# Versioning Example

###  This notebook contains two parts 
1. Part1: Versioning with dvc
2. Part2: Working with versioned dvc repositories 

### PART1: MODEL VERSIONING WITH DVC

Let's build a model to classify dogs and cats based on the images

We first train a classifier model using 1000 labeled images, then we double the number of images (2000) and retrain our model.
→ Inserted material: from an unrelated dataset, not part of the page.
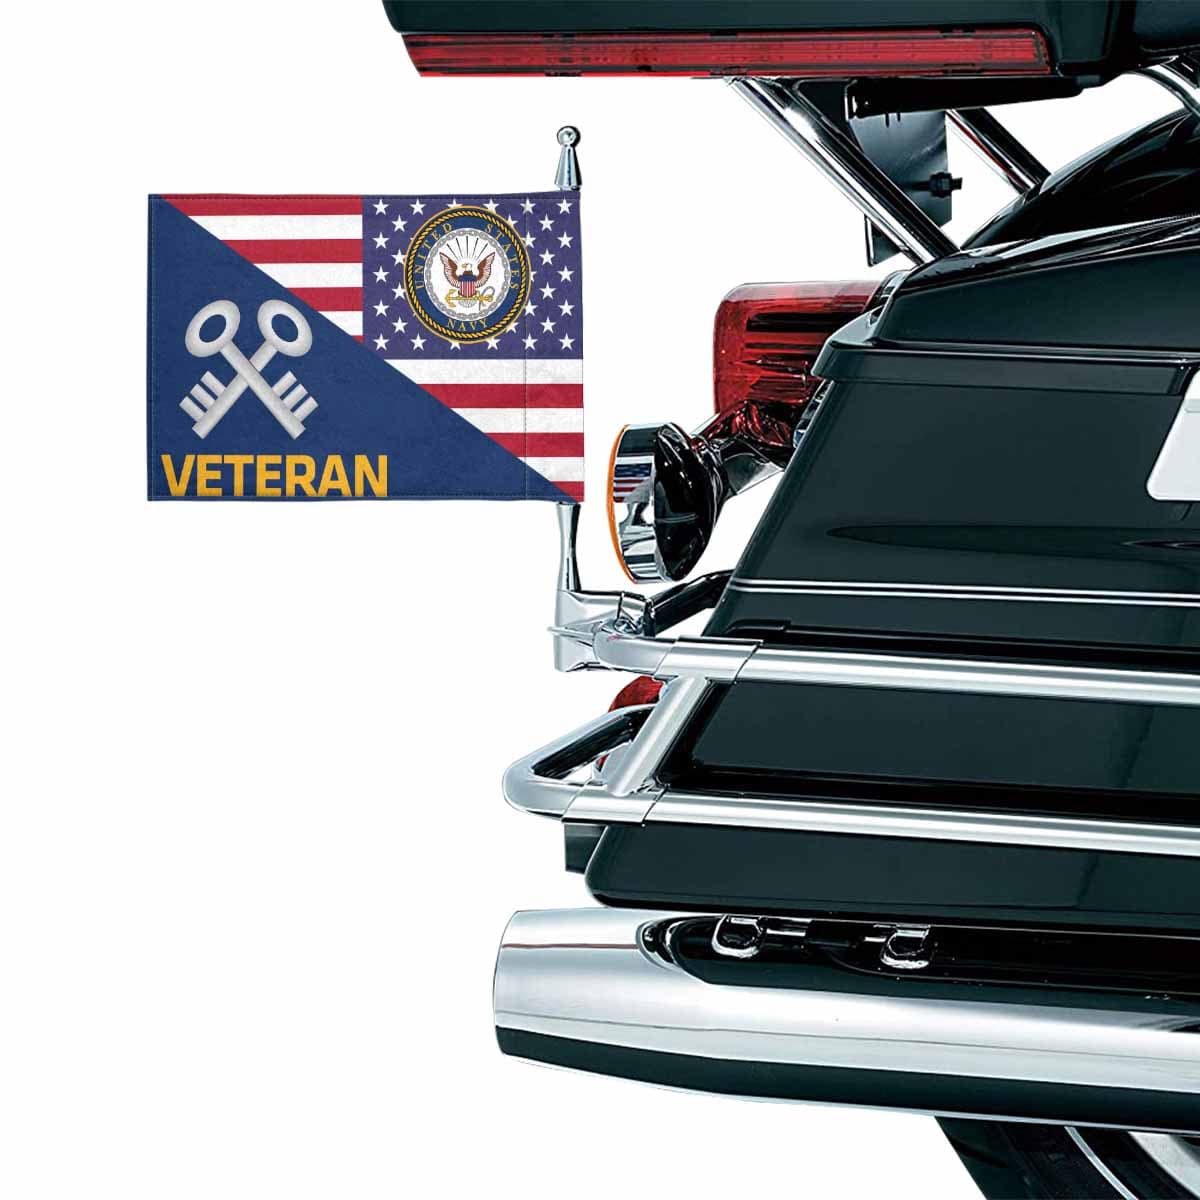 US Navy Storekeeper Navy SK Veteran Motorcycle Flag 9" x 6" Twin-Side Printing D01-MotorcycleFlag-Navy-Veterans Nation
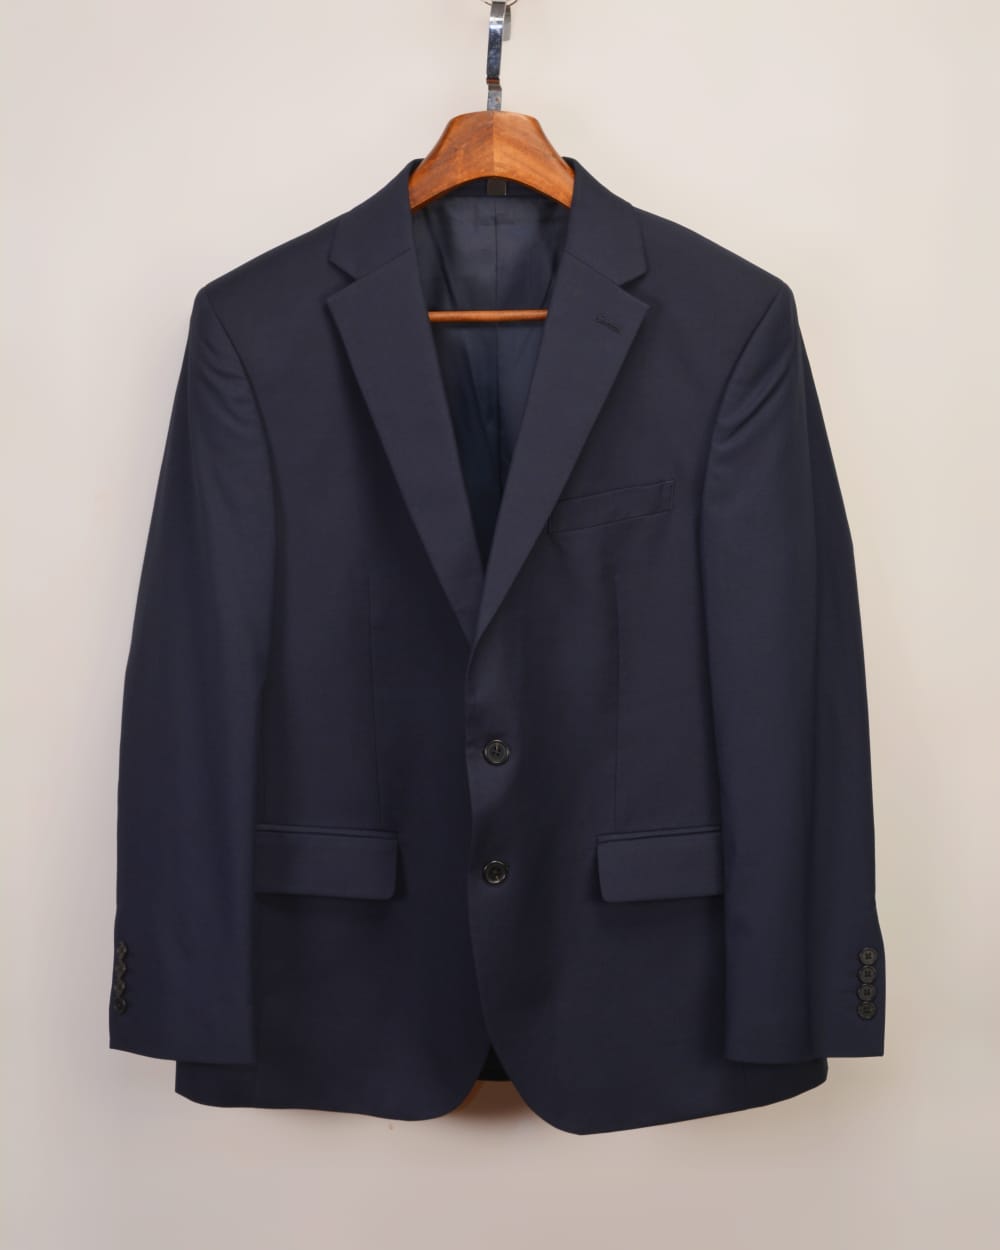 Mens Jacket and Coat : Buy Mens Jacket and Coat Online At M&S Inda

We capture both datasets and classifier results and show how to use dvc checkout to switch between workspace versions.

Downloading the code and seting up a Git repository:
Code is from a tutorial of François Chollet

In [None]:
!git clone https://github.com/iterative/example-versioning.git
cd example-versioning

Creata a virtual environment and install the requirements(YOu can creata a conda environment instead of this.

In [None]:
!python3 -m venv .env
!source .env/bin/activate
!pip install -r requirements.txt

#### First model version

Adding data

In [None]:
!dvc get https://github.com/iterative/dataset-registry \
          tutorials/versioning/data.zip
!unzip -q data.zip
!rm -f data.zip

Capturing the current state of this dataset with dvc add

In [None]:
!dvc add data

Training and adding the trained model with dvc

In [None]:
!python train.py
!dvc add model.h5

Commiting the current state

In [None]:
!git add data.dvc model.h5.dvc metrics.csv .gitignore
!git commit -m "First model, trained with 1000 images"
!git tag -a "v1.0" -m "model v1.0, 1000 images"

#### Second model version

In [None]:
extracts 500 new cat images and 500 new dog images into data/train

In [None]:
!dvc get https://github.com/iterative/dataset-registry \
          tutorials/versioning/new-labels.zip
!unzip -q new-labels.zip
!rm -f new-labels.zip

Leverage these new labels and retrain the mode

In [None]:
!dvc add data
!python train.py
!dvc add model.h5

In [None]:
!git add data.dvc model.h5.dvc metrics.csv
!git commit -m "Second model, trained with 2000 images"
!git tag -a "v2.0" -m "model v2.0, 2000 images"

To switch between workspace versions you can use;

In [None]:
git checkout v1.0
$ dvc checkout

Pushing the dvc data to a remote repository
1. We have a google drive folder at https://drive.google.com/drive/folders/15kNDc1-SchSZsb1l-rt0ymG0nG7SLqe5?usp=sharing
2. We can use a drive folder like this to pull the dvc tracked files and cache

In [None]:
!dvc remote add --default myremote gdrive://15kNDc1-SchSZsb1l-rt0ymG0nG7SLqe5
!dvc push

Now we have all the dvc tracked versions and files in the google drive

### PART2: Working with versioned dvc repositories

A versioned repository of PART1 is available at https://github.com/Dinithipurna/example-versioning.git

Let's clone that and see how we can get the versioning on track again

In [None]:
!git clone https://github.com/Dinithipurna/example-versioning.git

In [None]:
#have the same remote dvc storage configured
!dvc remote add --default myremote gdrive://15kNDc1-SchSZsb1l-rt0ymG0nG7SLqe5

In [None]:
!dvc fetch
!dvc pull

now you will get the data files downloaded to your new repository with all the dvc versioning data

In [11]:
pwd

'/Users/macbook/Documents/GitHub/example-versioning'

In [12]:
!dvc checkout

zsh:1: command not found: dvc